Scaling Out the 14LPP/12LP

Originally designed for mobile SoCs and some other chips in mind, GlobalFoundries' 14LPP manufacturing technology is used to make CPUs and GPUs at GlobalFoundries. Furthermore, the company has designed two variations of this fabrication process. Whereas the base process used up to 13 metal layers and 9T libraries, 14HP was developed specifically for IBM and tailored for performance at the cost of transistor density, using up to 17 metal layers and 12T libraries. Meanwhile, 12LP — aimed at a broad spectrum of applications, including APUs/CPUs, automotive and other — uses 13 layers and 7.5T libraries, giving a 10% additional performance or power improvement as well as a 15% area reduction vs. the 14LPP.

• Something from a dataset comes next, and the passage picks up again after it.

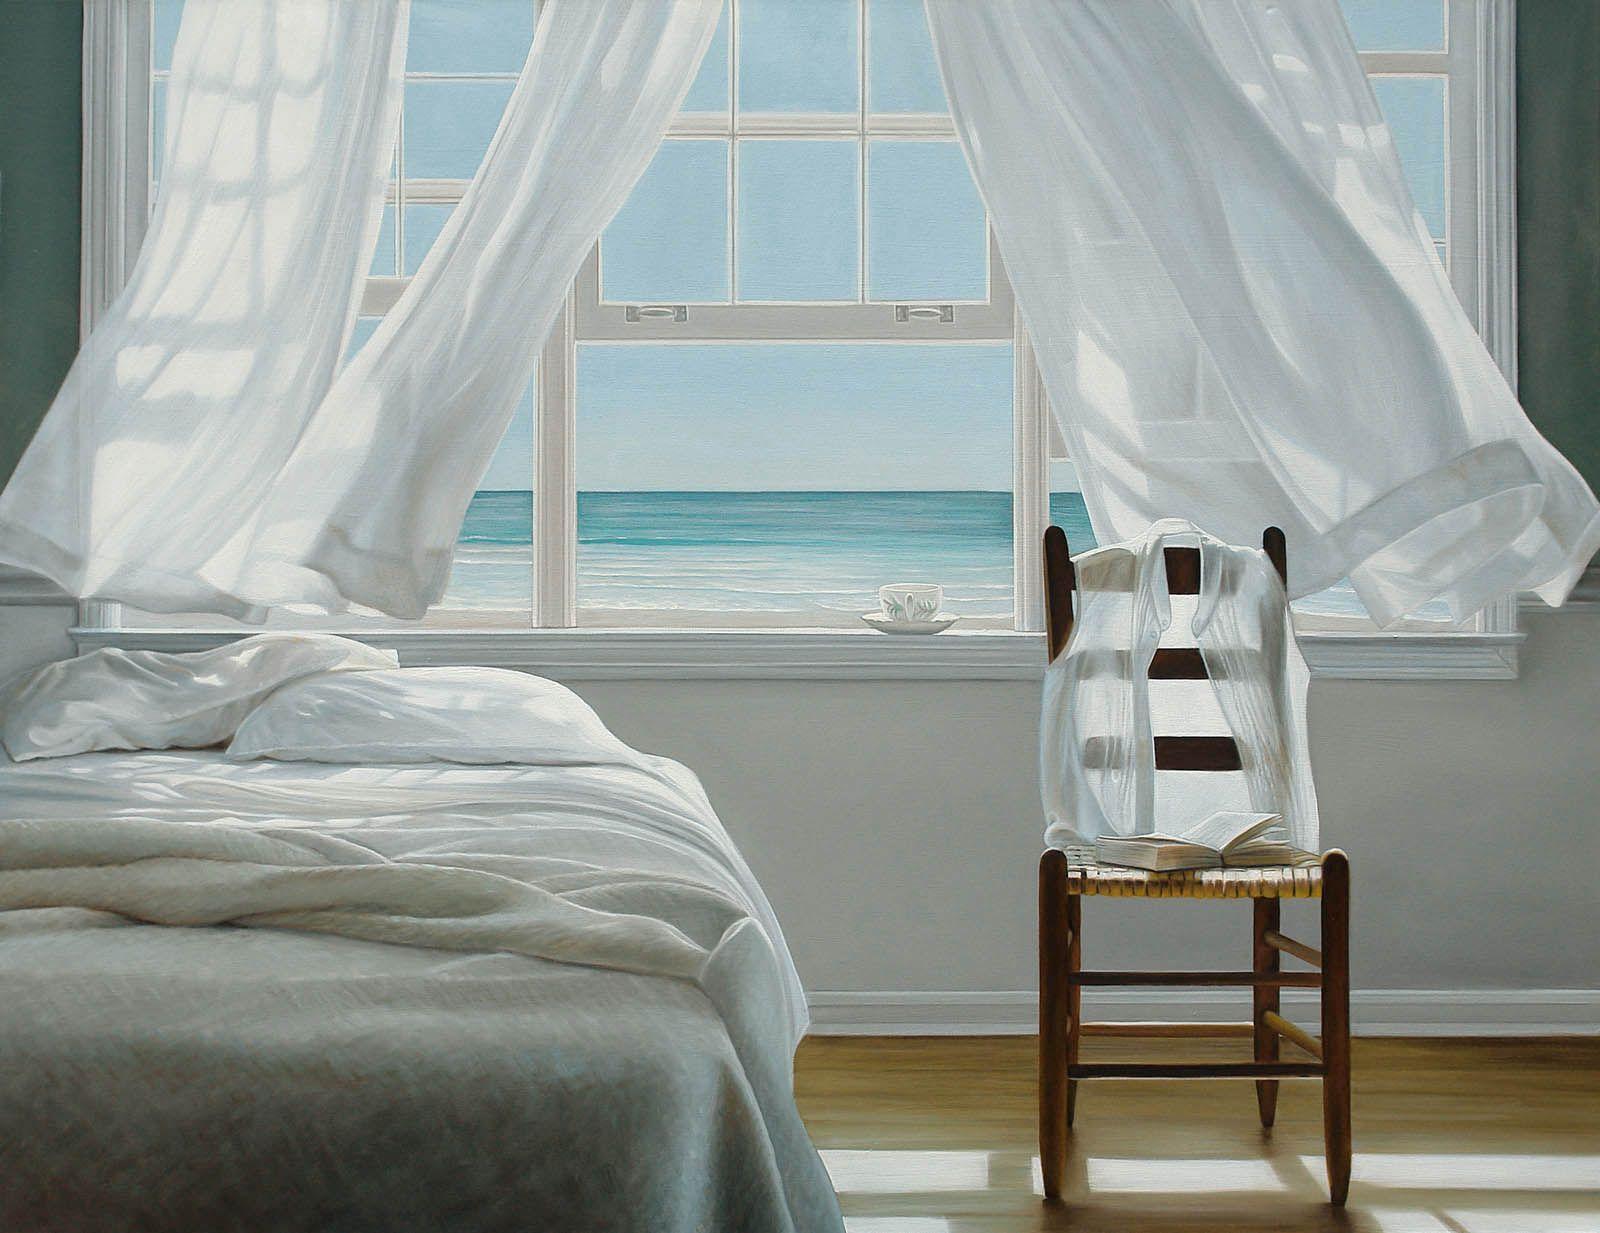 савватий картинки красивые окна с занавесками играли когтями или

Going forward, GlobalFoundries plans to offer a broader spectrum of technologies based on its 14 nm node. The move is not truly surprising. Samsung Foundry also offers three versions of its 14 nm processes: 14LPP for high-performance SoCs, 14LPC for compact SoCs, and 14LPU for ultra-low-power chips. So far, GlobalFoundries has confirmed three key markets of its future FinFET process technologies: RF, embedded memory, and low-power. In addition, the company plans to offer its 14LPP/12LP platform with enhanced performance and/or higher transistor density (for cost reduction). To do so, the company will be leveraging the knowledge and techniques they developed as part of the 7LP platform. But naturally Gary Patton does not want to disclose the nature of these innovations or any actual performance targets.

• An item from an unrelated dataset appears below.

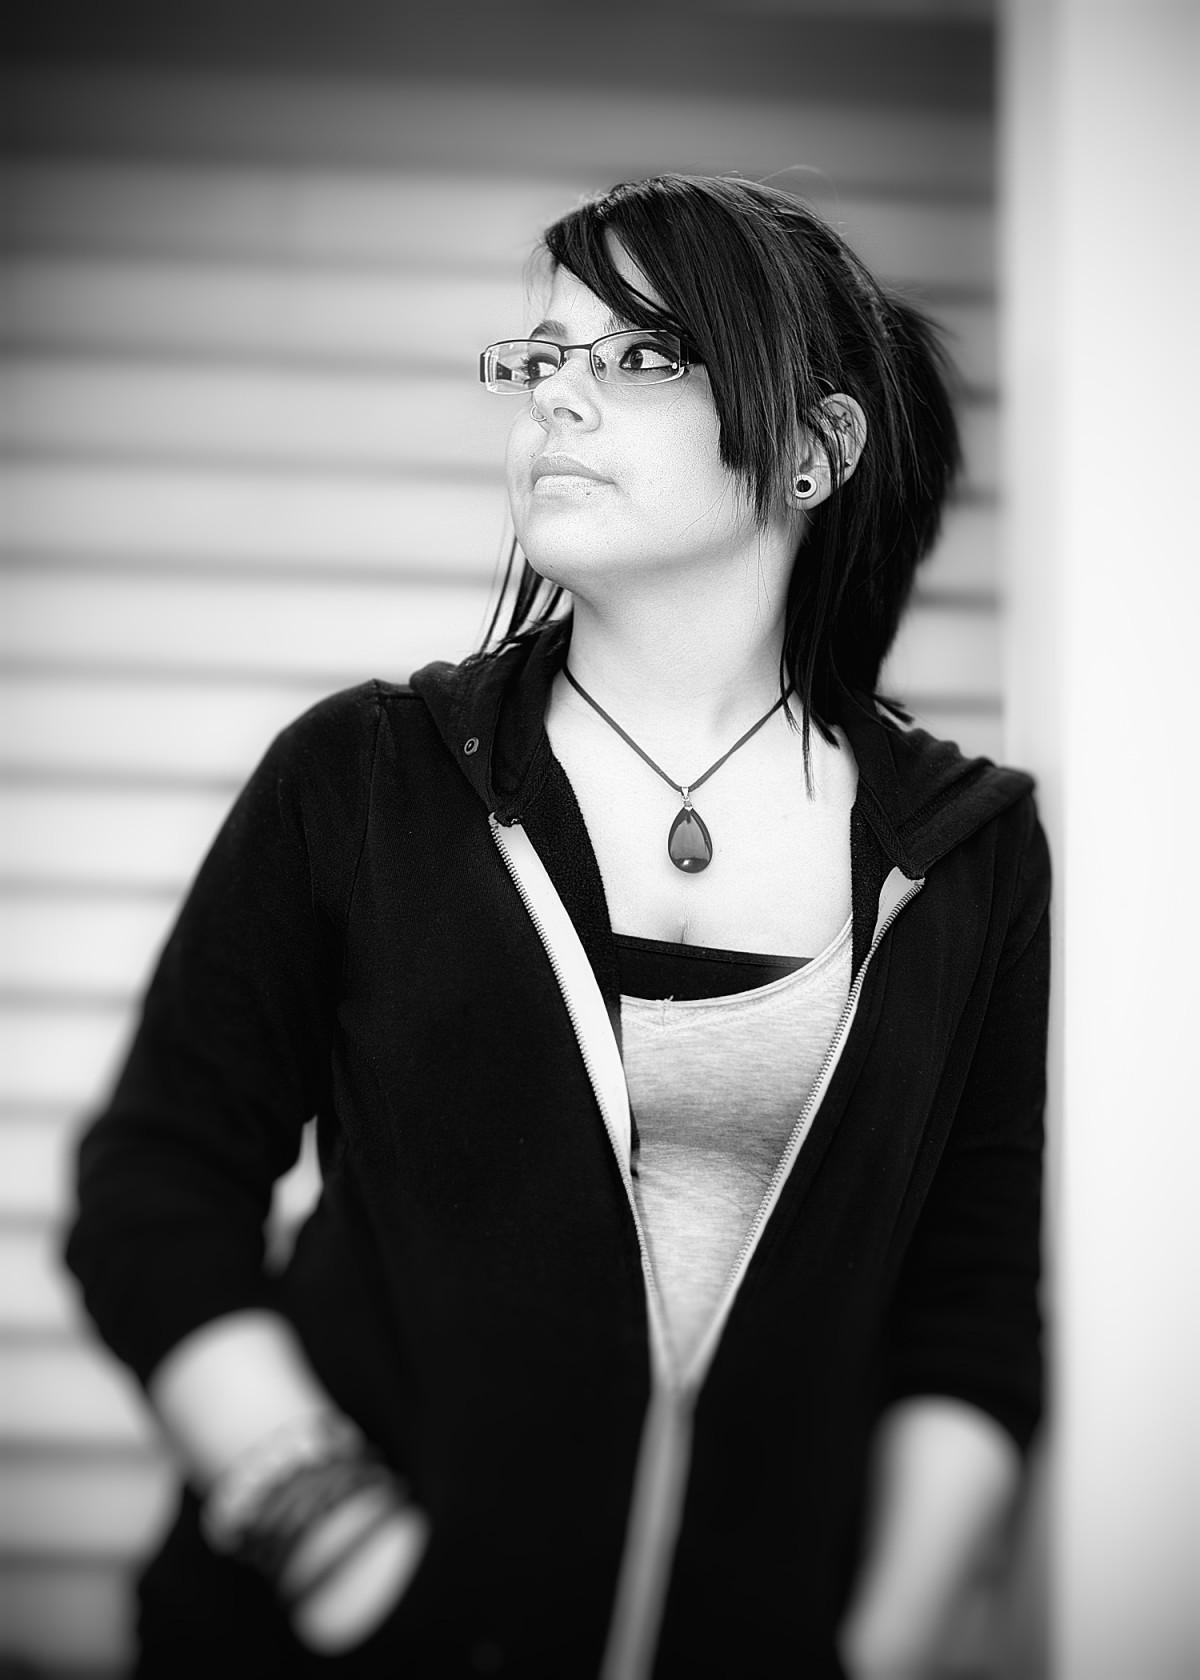 Fotos gratis : en blanco y negro, cabello, fotografía, masculino, retrato, modelo, primavera ...

If the company succeeds in the integration of RF capabilities into FinFET-based chips, that will be a world’s first. In theory, such chips would have a notable edge over existing RF solutions, which are made using rather rough process technologies. In addition to regular RF capabilities, GlobalFoundries plans to offer features for mmWave radios. Embedded MRAM will also be another important feature of SoCs made using a FinFET fabrication tech as, again, nobody uses such transistors for embedded memory right now.

At the moment, GlobalFoundries is still forming its new development teams, so we do not know exactly how many projects the company will eventually work on. Meanwhile, keep in mind that any project started today will materialize at best in 2020, with actual products going into HVM in 2021. This will be in time for various devices for high-growth markets, but AMD will naturally wind down its 14LPP/12LP orders to GlobalFoundries over the 2019 – 2020 timeframe, reducing the company’s revenue and profits. Note that at present both the RF and embedded memory technologies for FinFET are in a pathfinding stage, so it is very hard to say when exactly GlobalFoundries comes up with appropriate process technologies.

Investing in FD-SOI

In addition to developing specialized versions of its FinFET-based process technologies, GlobalFoundries will continue to invest in its FDX-branded FD SOI-based platforms, such as 22FDX and 12FDX. Gary Patton did not pre-announce any new versions of the company’s FD-SOI fabrication processes, but clearly indicated that the FDX will remain very important for GlobalFoundries, which is not surprising as GF and Samsung Foundry are the only foundries to offer this tech.

Spinning Off ASICs

Designing chips for a new process technology is always a challenge both from engineering and financial points of view, especially for smaller companies. In a bid to help its customers to develop various SoCs, GlobalFoundries established its ASIC Solutions (ASICs) division, which helps the company’s customers in designing chips. Besides usual things like process development kits (PDKs), various design libraries, silicon-proven memory solutions, interfaces, and other necessary things, ASICs offers support from chip design, methodology, test and packaging teams.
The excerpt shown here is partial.